HUMINT-2025-Q1-007: Source BRAVO-9 confirms APT29 operating from
infrastructure in AS59796. C2 beacons use Tor exit nodes in DE/NL.
Targets: ITAR-controlled defense contractors in aerospace sector.
"""
cti_report_text = "APT29 exploited CVE-2025-3400 in PAN-OS GlobalProtect to gain initial access..."

context.store(
    [
        {"content": humint_summary,    "metadata": {"source": "HUMINT-2025-Q1-007"}},
        {"content": cti_report_text,   "metadata": {"source": "CTI_RPT_APT29_2025"}},
    ],
    extract_entities=True,
    extract_relationships=True,
    link_entities=True,
)

llm    = LiteLLM(model="anthropic/claude-sonnet-4-20250514")
result = context.query_with_reasoning(
    "Trace the C2 infrastructure chain for APT29 operations targeting "
    "ITAR-controlled contractors in 2025. Include IP ranges, ASNs, and TTPs.",
    llm_provider=llm,
    max_results=15,
    max_hops=3,
)

print(result["response"])
print("\n--- Reasoning Path ---")
print(result["reasoning_path"])
print("Confidence: {:.1%}".format(result["confidence"]))

# Anchor retrieval on APT29 for a proximity-weighted follow-up
proximate = context.retrieve(
    "C2 beaconing patterns Tor exit nodes",
    use_graph=True,
    anchor_node="APT29",
    proximity_weight=0.7,
    max_hops=3,
    max_results=10,
)

Tuning the vector-graph balance

The hybrid_alpha parameter set in the AgentContext constructor establishes a default blend between vector similarity and graph influence. 0.0 is pure vector retrieval; 1.0 is pure graph traversal. The recommended starting point is 0.5. You can override this per call using proximity_weight in retrieve() without changing the constructor default:
# Exploratory query — let semantics lead, graph confirms
results = context.retrieve(query, use_graph=True, proximity_weight=0.2)
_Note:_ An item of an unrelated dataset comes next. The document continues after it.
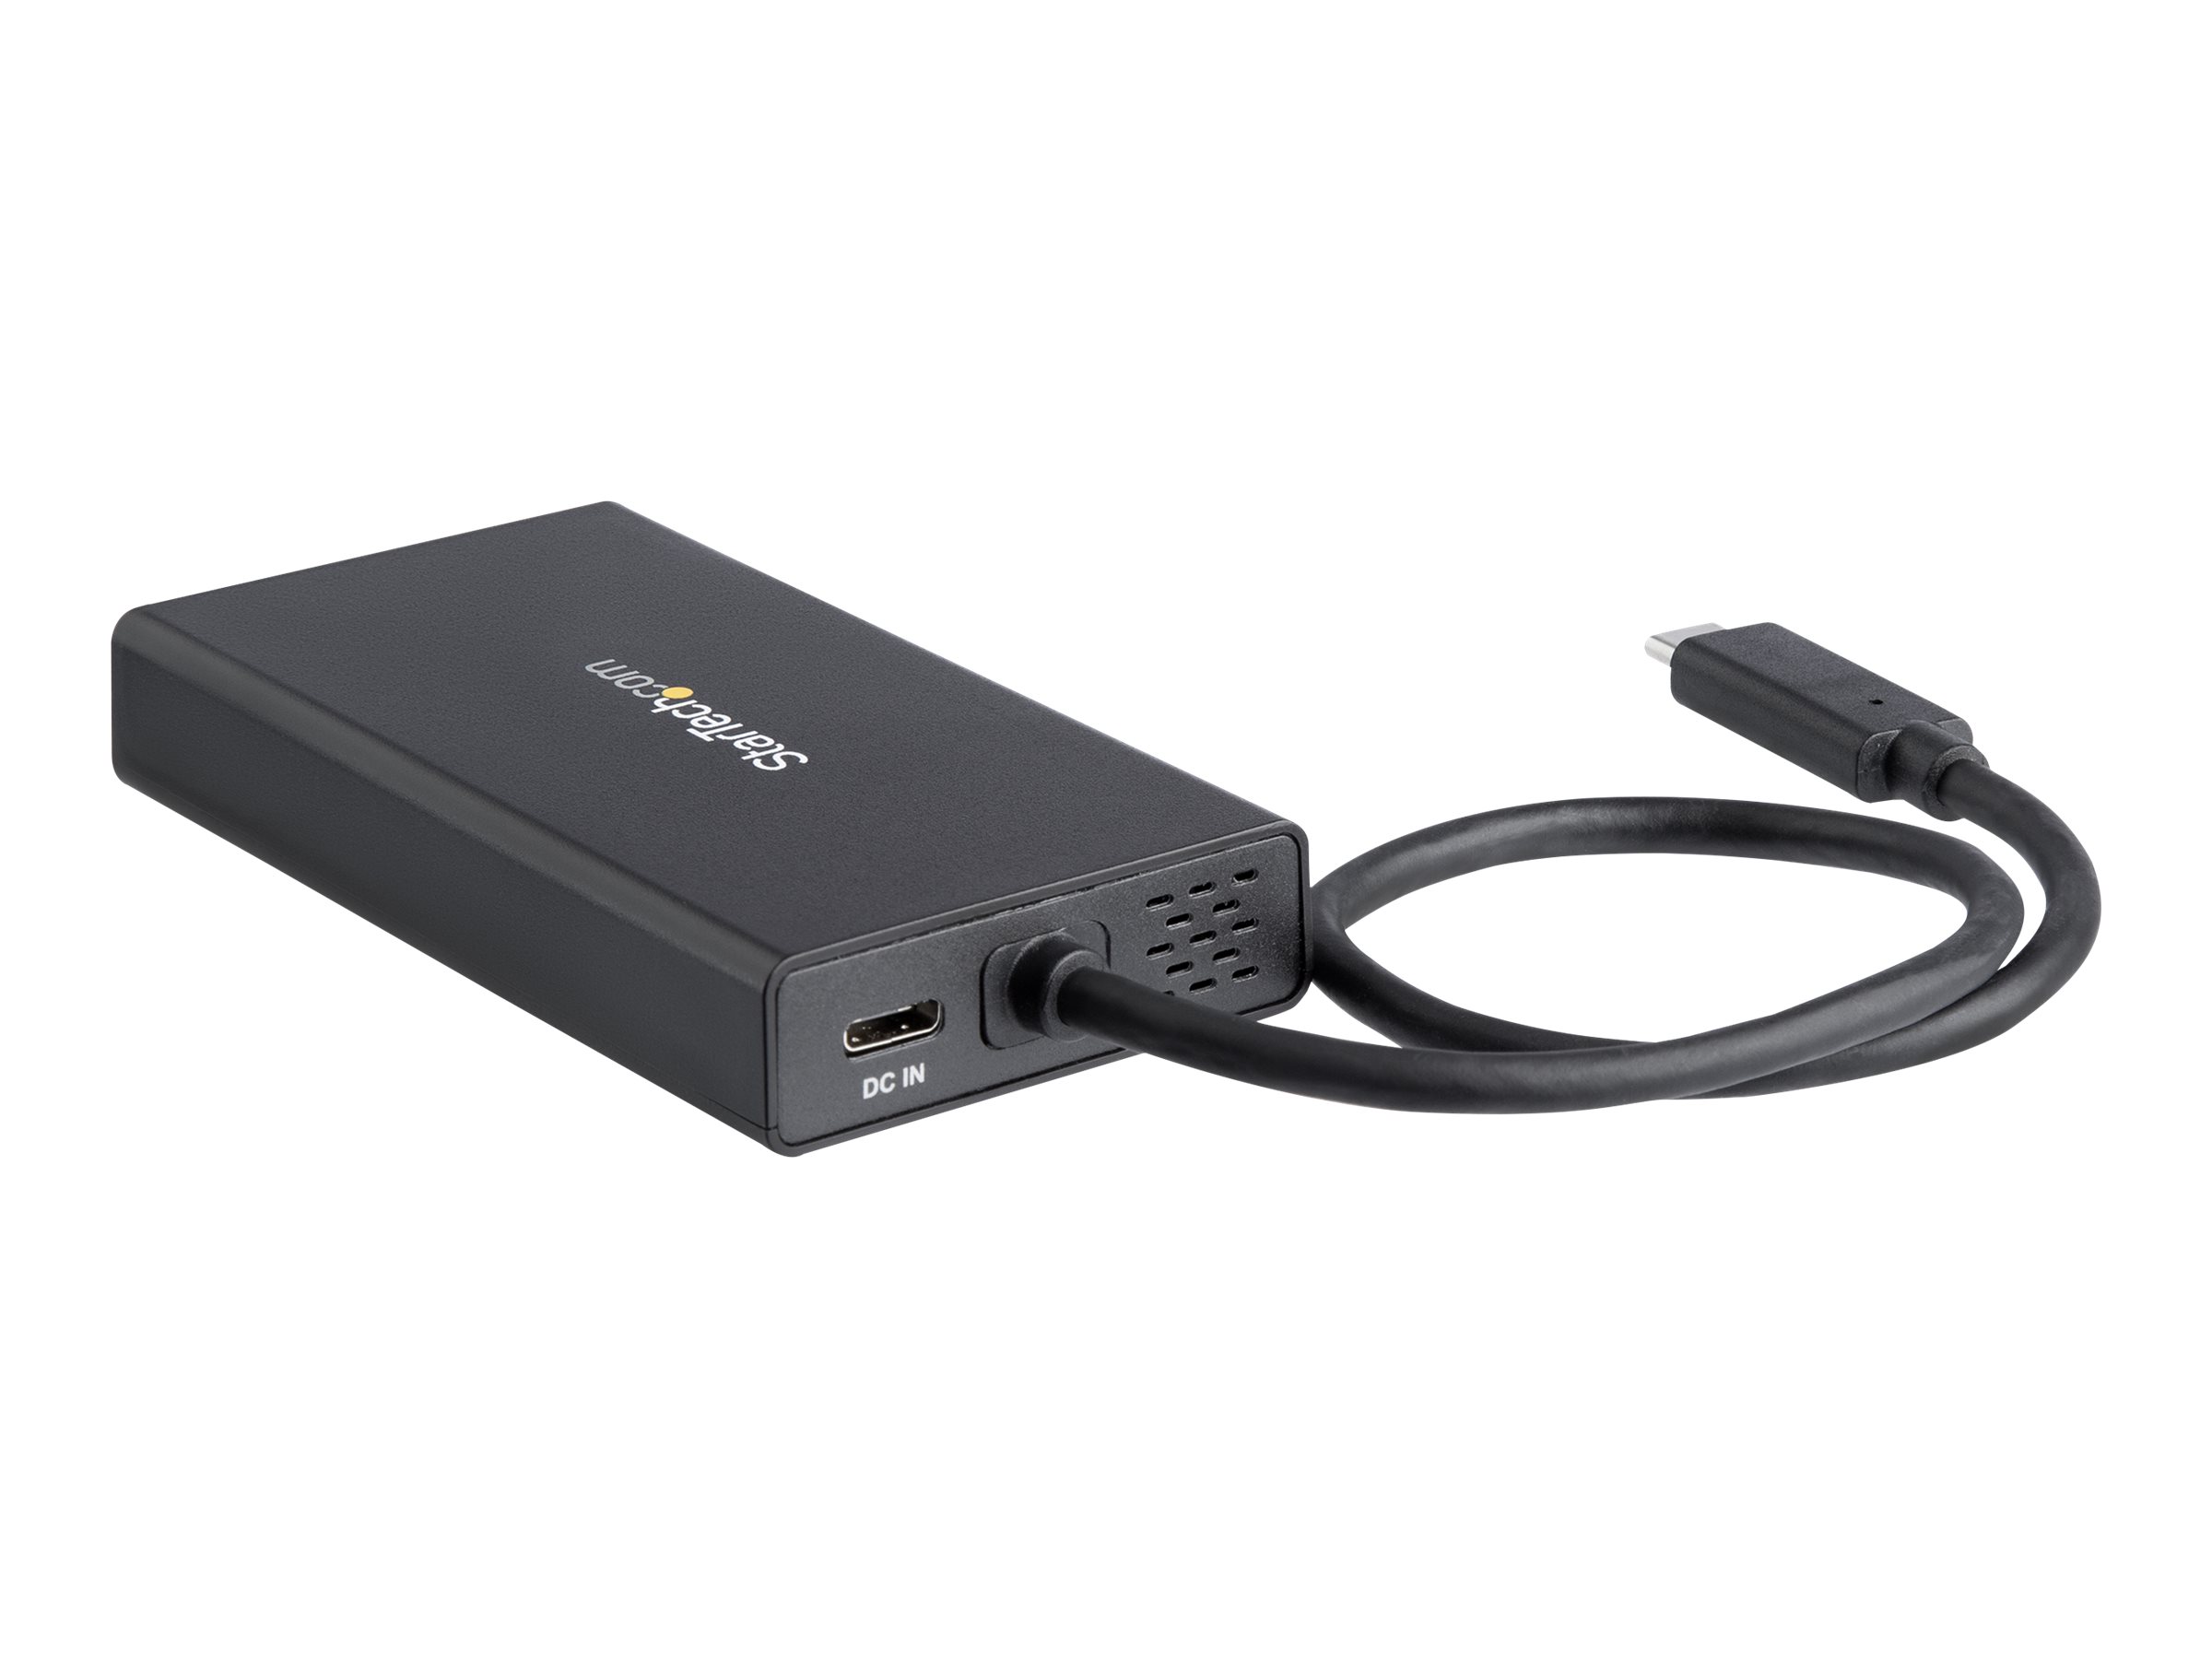 StarTech.com USB-C Multiport Adapter - mit Power Delivery (USB PD)

# Known-entity tracing — topology drives the retrieval
results = context.retrieve(
    query, use_graph=True, anchor_node="APT29", proximity_weight=0.8
)
Each additional hop in max_hops exponentially increases the subgraph size. Practical defaults by domain:
General Q&A             max_expansion_hops=2  (95% of useful facts within 2 hops)
Threat intel (APT)      max_expansion_hops=3  (actor → infra → victim → attribution)
Drug interactions       max_expansion_hops=3  (drug → enzyme → metabolite → interaction)
Regulatory cross-ref    max_expansion_hops=2  (rule → article → article)
Set globally in the constructor; override per call with the max_hops argument to retrieve().

How GraphRAG works internally

Query text
    |
    v
Vector embedding  ─────────────────────────────────────┐
    |                                                   |
    v                                                   v
Semantic search                         Graph traversal (BFS)
(FAISS / Qdrant)                        from anchor / top-k seeds
    |                                                   |
    └──────────┐                ┌──────────────────────┘
               v                v
         Score fusion (proximity_weight blend)
               |
               v
          Ranked subgraph
               |
               v
         LLM grounding  <── query_with_reasoning()
               |
               v
     {response, reasoning_path, sources, confidence}
The vector search and graph traversal run independently, then their scores are fused. The graph traversal uses breadth-first expansion from the seed nodes identified by the vector search, so the graph component is always anchored in semantic relevance rather than exploring the entire graph blindly.